- **Recorded data**
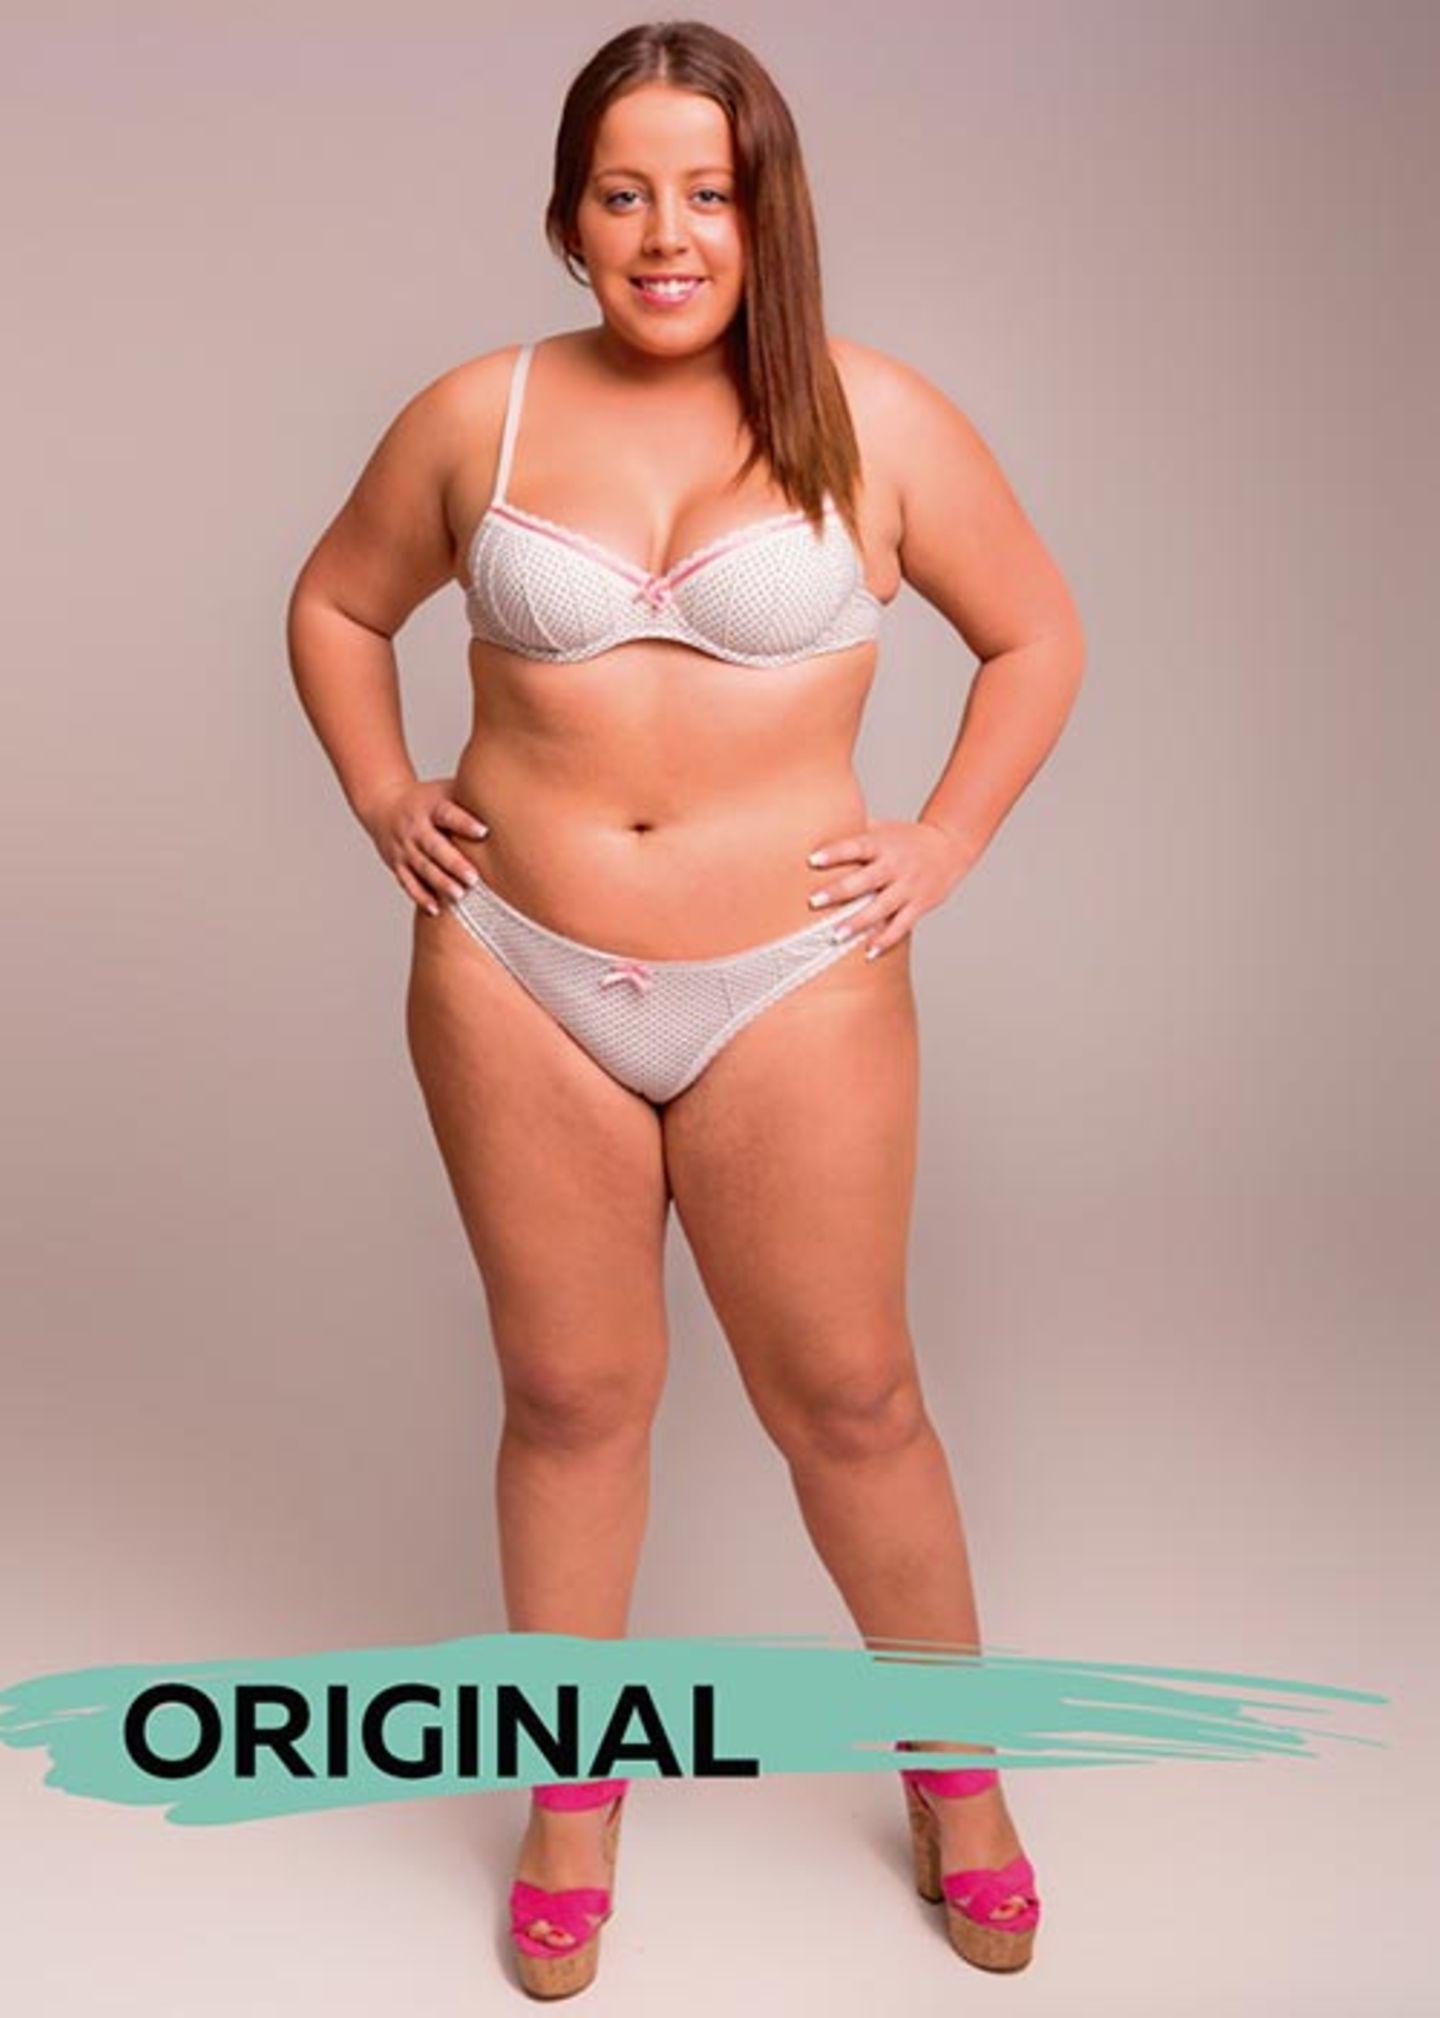 Der perfekte weibliche Körper
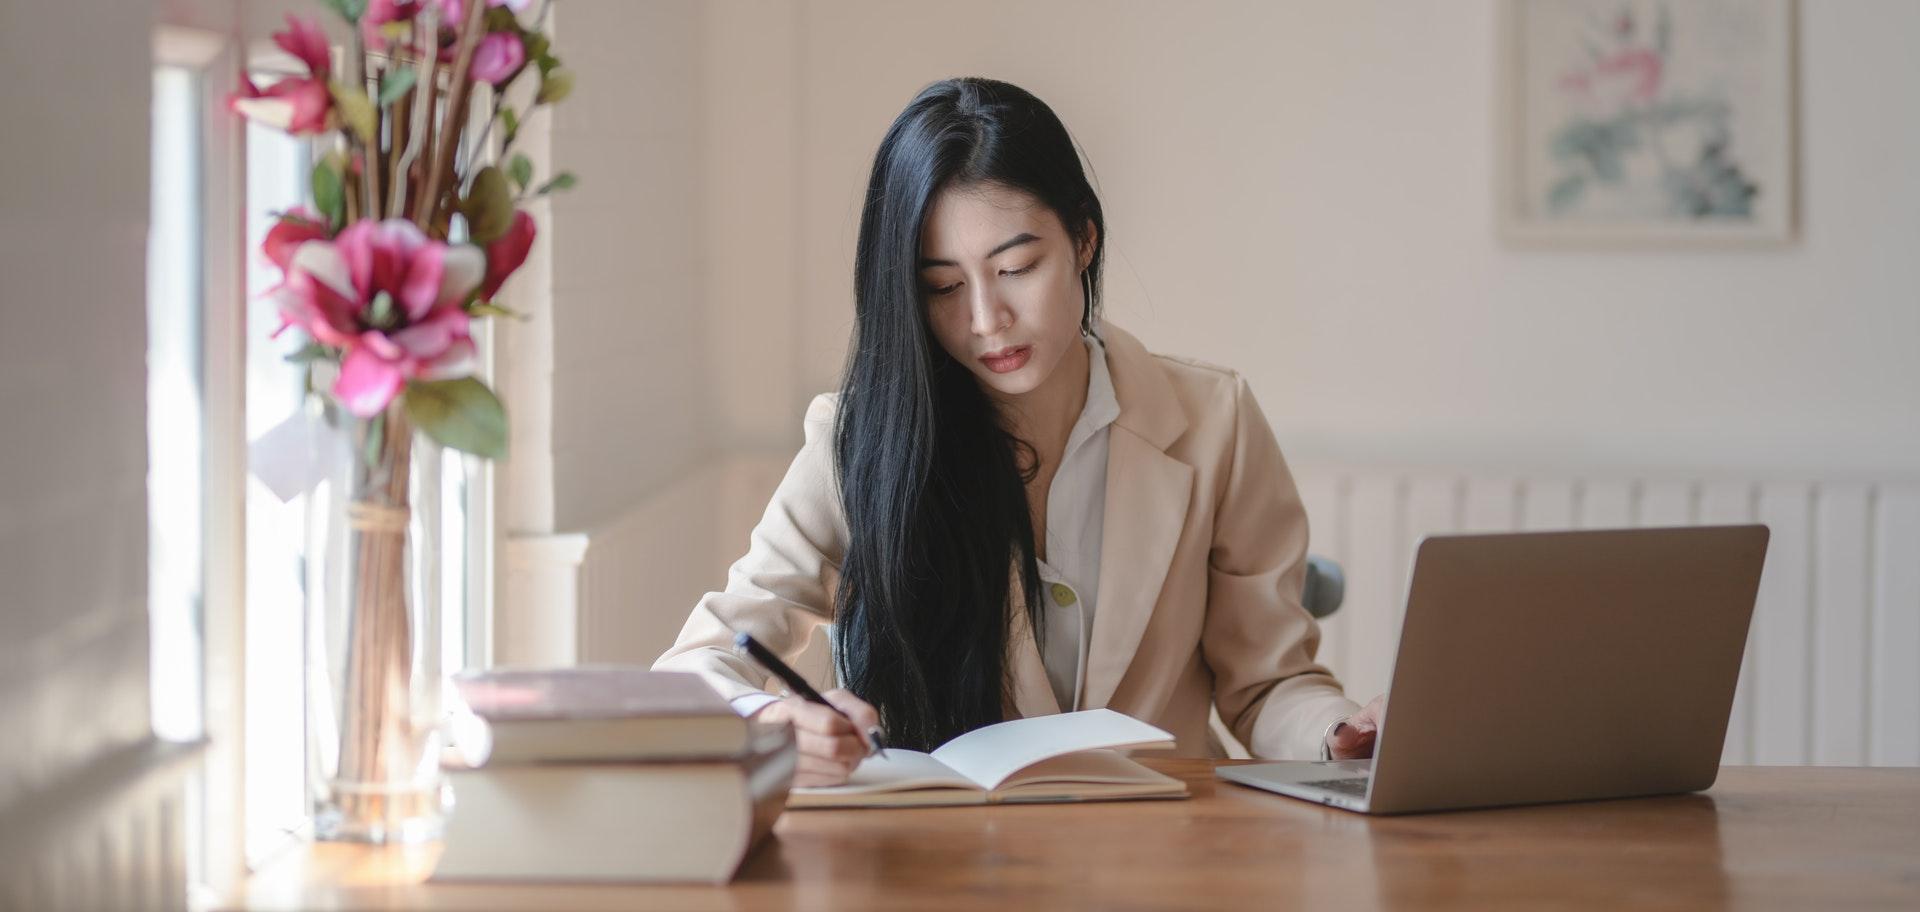 HOW TO SET A PROPER BUDGET, ACCORDING TO A CFO
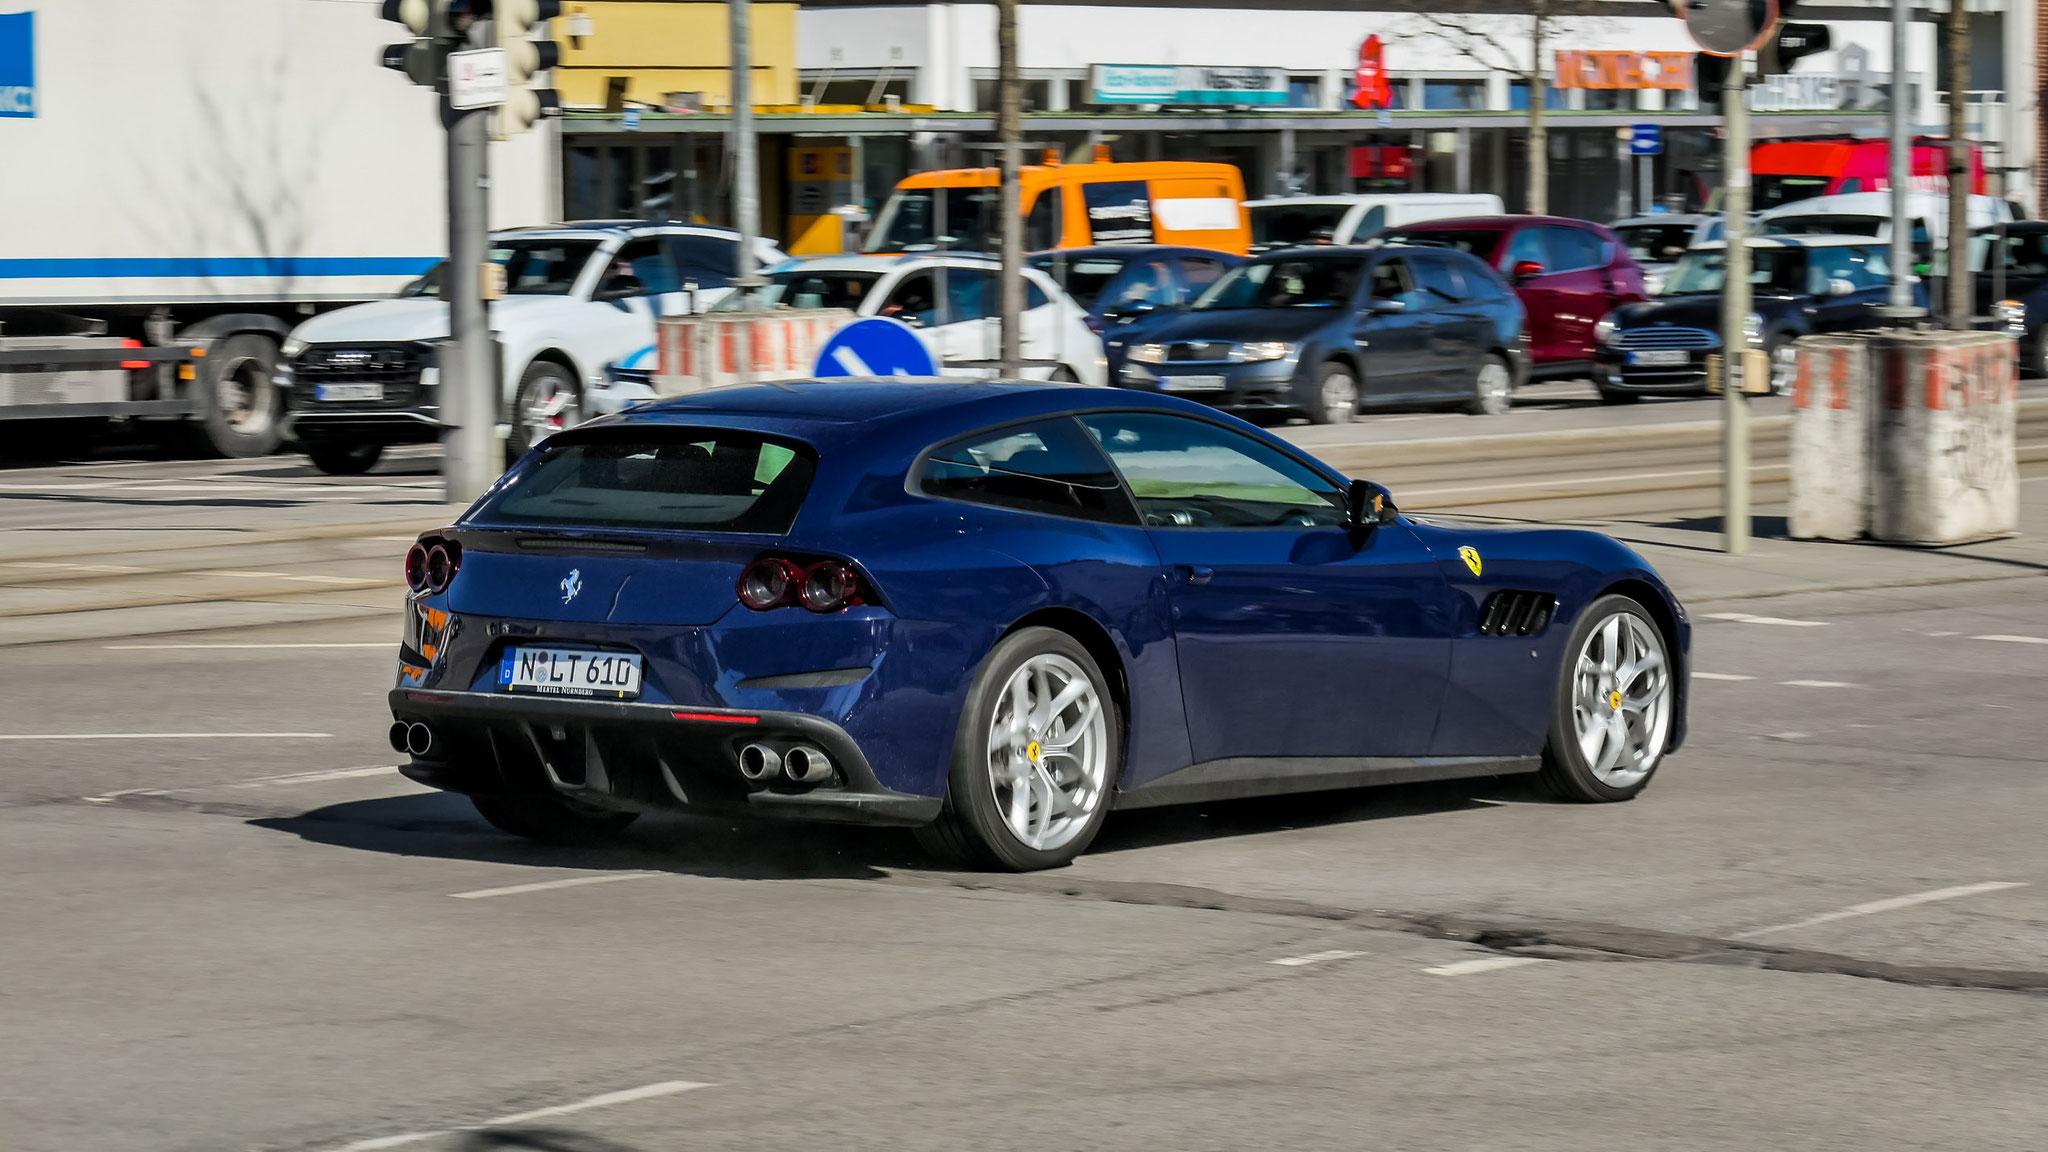 Ferrari GTC4 Lusso - N-LT-610

- **What this task involves**
Output an exact copy of the material, with the pictures removed.

- **Expected output**
 Der perfekte weibliche Körper
 HOW TO SET A PROPER BUDGET, ACCORDING TO A CFO
 Ferrari GTC4 Lusso - N-LT-610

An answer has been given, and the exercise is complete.